Contexte

Plus tôt ce mois-ci, les autorités tunisiennes ont procédé à l’arrestation de trois militants de premier plan, accusés de complot et de terrorisme à l’issue d’un proces entaché de graves irregularités. Ces arrestations font suite à la condamnation, fin novembre, de 34 opposants politiques, militants et avocats dans le cadre d’une “affaire de complot”, constituant la manifestation la plus récente de l’élargissement des mesures répressives menées par le Président Kaïs Saïed à l’encontre de la société civile tunisienne. 

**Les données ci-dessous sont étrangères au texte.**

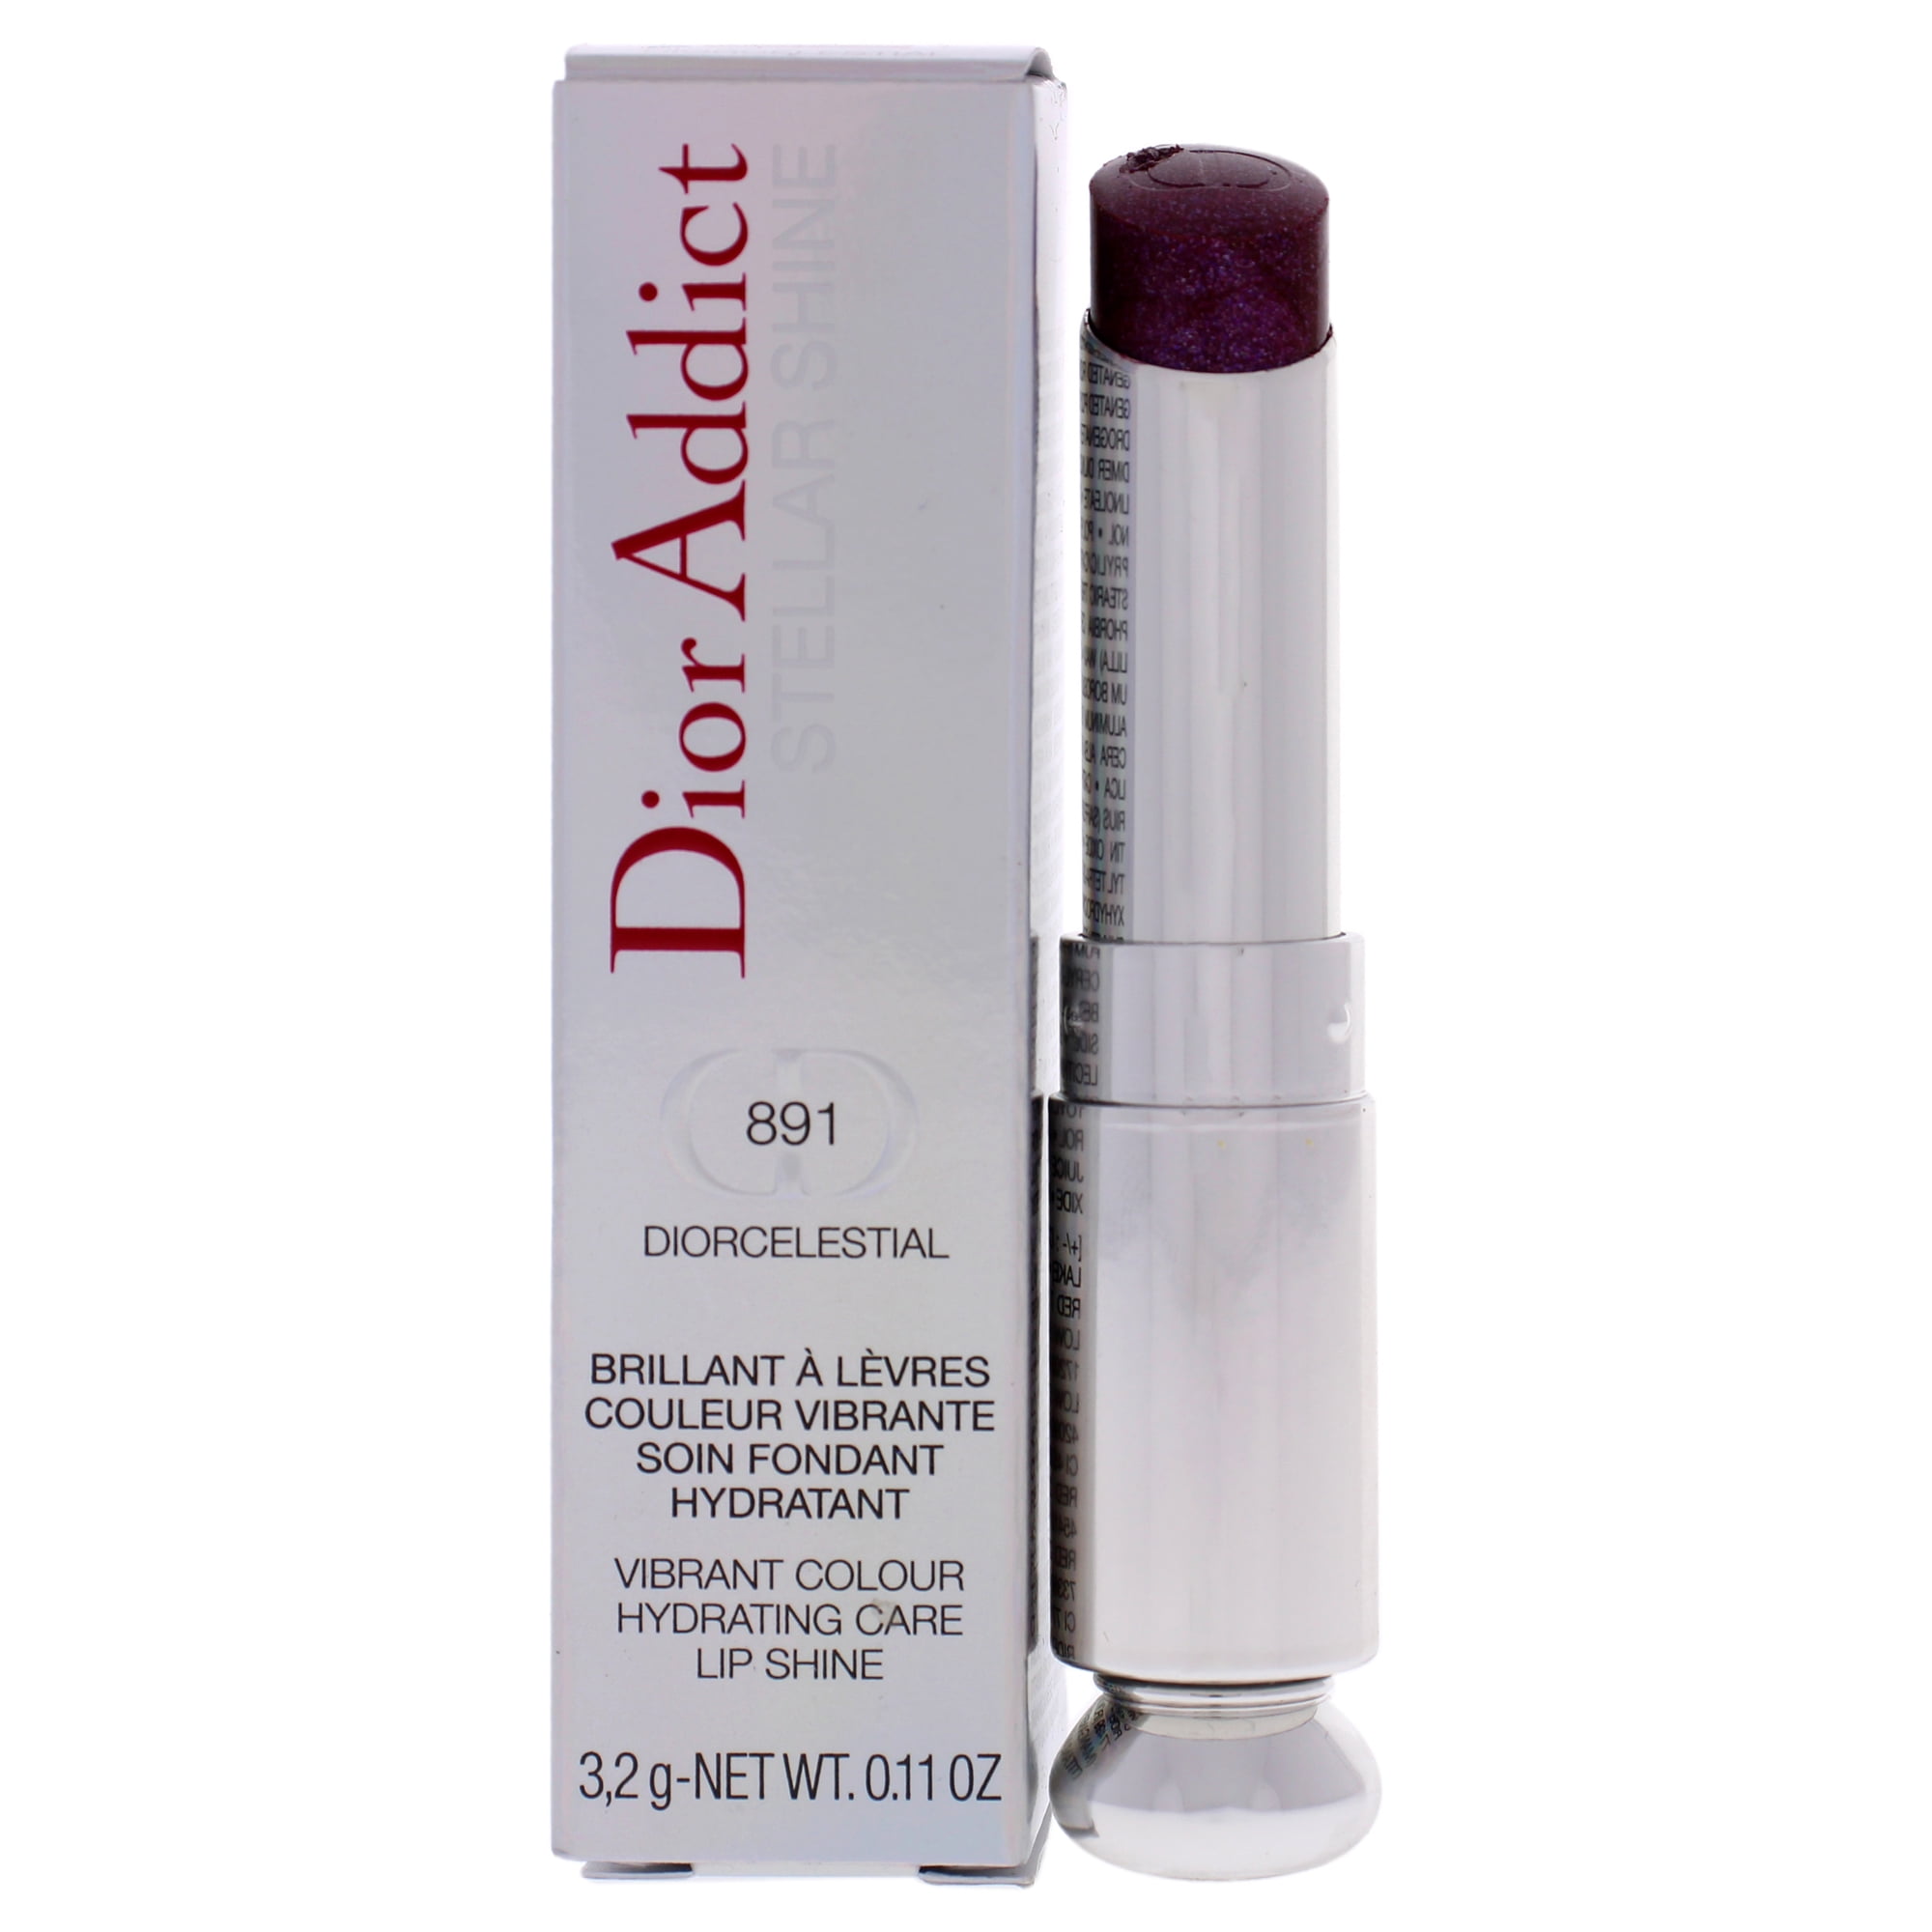 dior purple lipstick
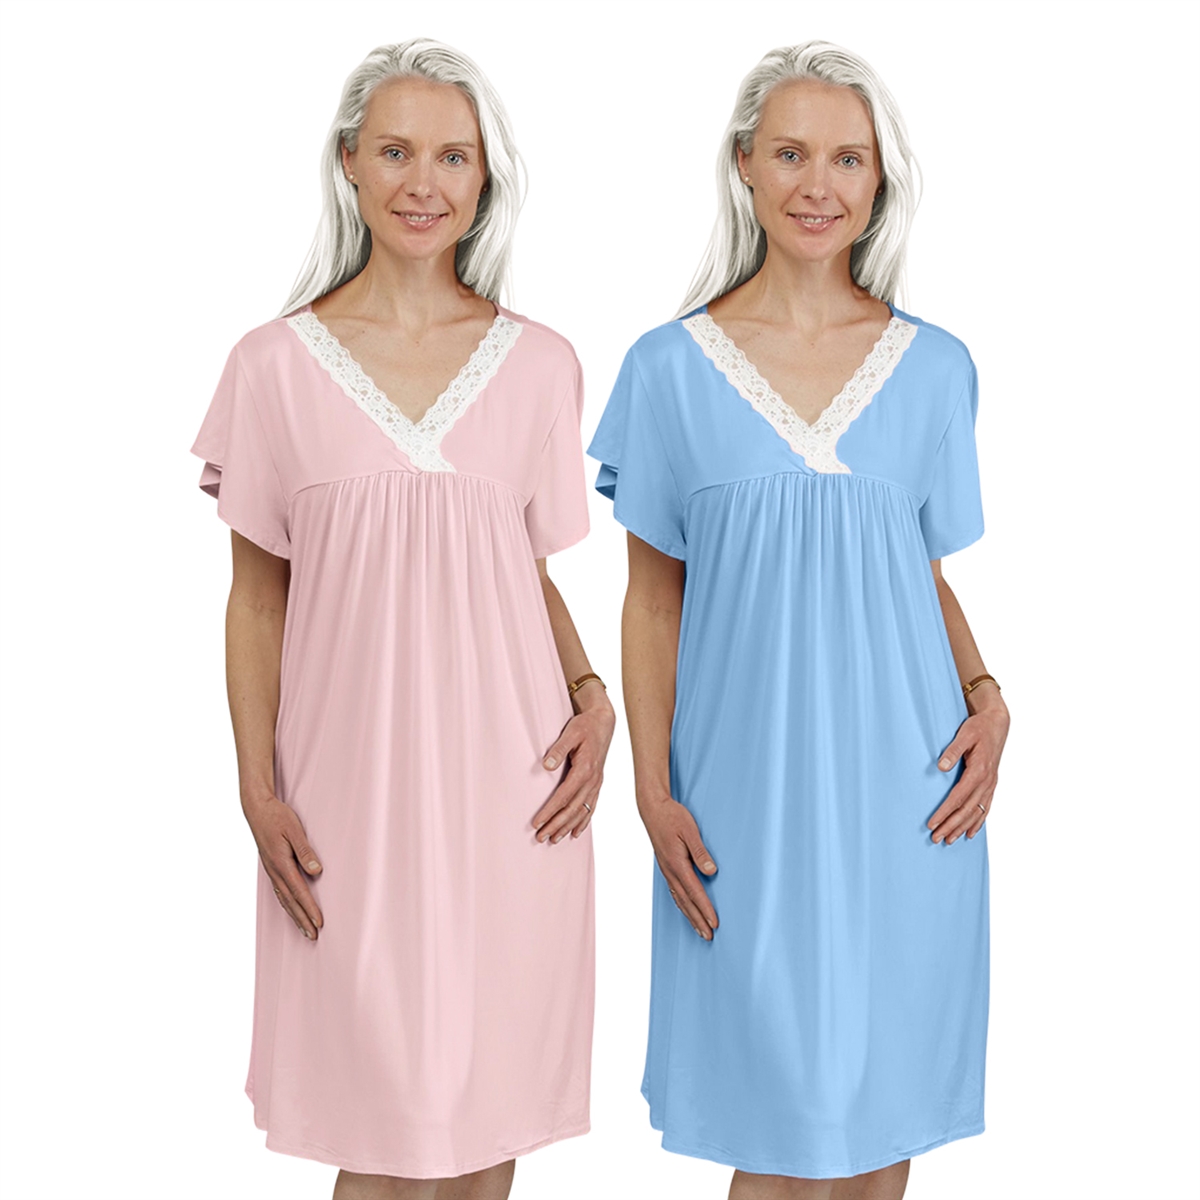 mature women nightdress | mature women nightwear - YouTube

La chronologie de la récente escalade est la suivante : 

  • Novembre 28 ➔ La Cour d’appel de Tunis a confirmé les condamnations et les peines de prison de 34 prevenus, avec des peines allant de cinq à quarante-cinq ans.
  • Novembre 29 ➔ Des policiers en civil ont violemment arrêté l’activiste politique Chaima Issa lors d’une manifestation pacifique à Tunis.
  • Décembre 2 ➔ La police a arrêté l’avocat des droits humains Ayachi Hammami à son domicile à Tunis.
  • Décembre 4 ➔ Des agents ont arrêté l’éminent chef de l’opposition Ahmed Nejib Chebbi à son domicile.

Le recul démocratique en Tunisie

La Tunisie, qui avait autrefois inspiré des soulevements à travers la region en tant que berceau du printemps arabe, connaît aujourd’hui une rapide dérive autoritaire. Dans les années qui ont suivi le soulévement de masse, la Tunisie faisait partie des rares pays a avoir réussi à preserver sa transition démocratique, en organisant des élections libres et en adoptant une constitution progressiste – un procéssus qui s’est interrompu avec l’accession au pouvoir de Kaïs Saïed. 

Kaïs Saïed a orchestré un auto-coup d’Etat en juillet 2021, utilisant la pandémie de COVID-19 comme prétexte pour centraliser le pouvoir. En invoquant l’article 80 de la Constitution tunisienne, qui autorise le Président à prendre « toute mesure qu’exigent les circonstances exceptionnelles » face à un « danger imminent », il a suspendu la Constitution et limogé son Premier ministre. L’année suivante, il a dissous le Parlement et réecrit la Constitution. Depuis lors, la persécution de l’opposition, des critiques, des activistes, des journalistes et des dirigeants syndicaux s’est considérablement intensifiée. 

Augmentation des arrestations et détentions arbitraires

Depuis le début de l’année 2023, la Tunisie a intensifié les arrestations et détentions arbitraires de personnes de tout l’éventail politique perçues comme critiques à l’égard du gouvernement. Les autorités ont maintenu des critiques en détention préventive pendant plus de 14 mois, les détenus étant souvent soumis à des conditions de détention sévères sans soins médicaux adéquats. 

Selon Human Rights Watch, les autorités ont regulièrement porté des accusations supplémentaires ou émis de nouveaux ordres de détention pour maintenir des personnalités en détention, parfois sans présenter les détenus devant un juge. 

Les autorités se sont appuyées sur une loi antiterroriste de 2015 pour faciliter la répression, qui accorde aux forces de sécurite de larges pouvoirs de surveillance, permet de maintenir les suspects en détention jusqu’à 15 jours et autorise les informateurs et témoins à rester anonymes. 

Perte du droit a un proces equitable

Les autorités tunisiennes, par leurs attaques répétées contre le pouvoir judiciaire, ont porté atteinte au droit de la population à un procès équitable. En 2022, Kaïs Saïed a dissous le Conseil supérieur de la magistrature (CSM), un organe constitutionnel charge de garantir l’indépendance de la justice, pour le remplacer par un CSM temporaire dont les 21 membres sont tous nommés, certains directement par le Président. La même année, Kaïs Saïed s’est attribué le pouvoir de révoquer unilatéralement des juges et des procureurs, et a licencié 57 juges et procureurs le jour même de sa décision. 

Ces actions constituent une violation de la position de la Tunisie en tant qu’Etat partie au Pacte international relatif aux droits civils et politiques et à la Charte africaine des droits de l’homme et des peuples, qui garantissent le droit à la liberté d’expression et de réunion, le droit à un procès équitable et le droit de ne pas être soumis à des arrestations ou détentions arbitraires.